# My first ABT's



## fife (Apr 22, 2011)

Well today I guess I am on a roll. I fired up the smoker and had to give the ABT's a try. So this is what it turned out to look like.


----------



## chef willie (Apr 22, 2011)

looks good....that's all you made??...lol.....whats everybody else gonna eat


----------



## thebarbequeen (Apr 22, 2011)

You'll be hooked on those now!! So good and easy to make!


----------



## big twig (Apr 22, 2011)

Those look great! My wife is so hooked on them now I even have to make them in the oven because she asks for them everyday. They are better smoked but are pretty good in the oven also.


----------



## fife (Apr 22, 2011)

Chef that is what is remaining  after I took them off and had dug into them then I recalled I better get some pix or it never took place.
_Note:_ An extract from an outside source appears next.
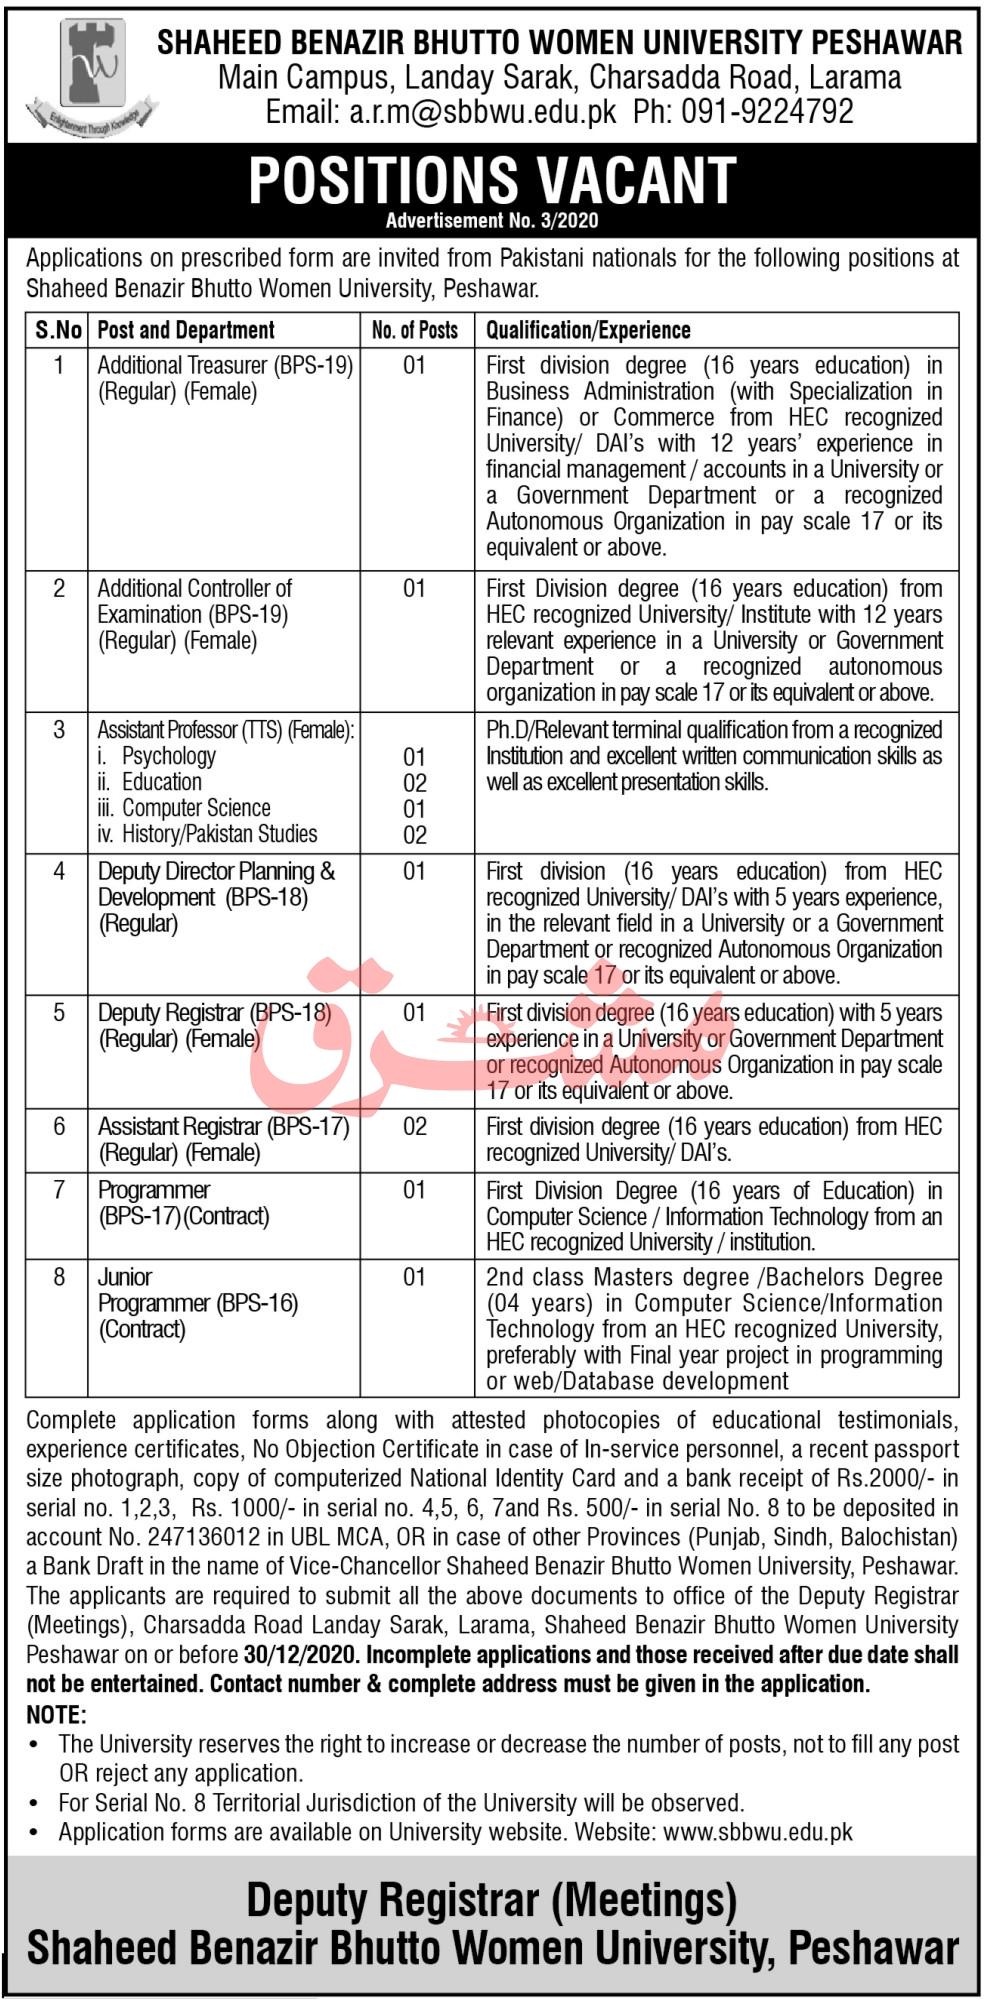 Shaheed Benazir Bhutto Women University SBBWU Benazir University Jobs in Pakistan - Download Job Application Form - www.sbbwu.edu.pk Jobs 2021

Man they are good.


----------



## pineywoods (Apr 22, 2011)

Congrats they look awesome they may have been the first but I'll bet they won't be the last


----------



## fpnmf (Apr 22, 2011)

Looks delicious!!!

  Craig


----------



## beer-b-q (Apr 22, 2011)

Great Looking ABTs...


----------



## les3176 (Apr 22, 2011)

Tasty looking abts....Now you did it!!! you're hooked now!!


----------



## smokingmymeat (May 1, 2011)

Nice looking ABT's Fife.

Happy smoking,
   BigAL


----------



## SmokinAl (May 1, 2011)

Great job Fife. It will be hard to fire up the smoker from now on without including a few ABT's.


----------



## raptor700 (May 1, 2011)

Your ABT's look great,

I luv 'em

Great job *F**ife*


----------



## gros cochon (May 1, 2011)

Yes sir!  They look delicious. I have to ty that soon too.


----------



## roller (May 1, 2011)

They look great!!!!! what was your filling made from ??? I just love those things...


----------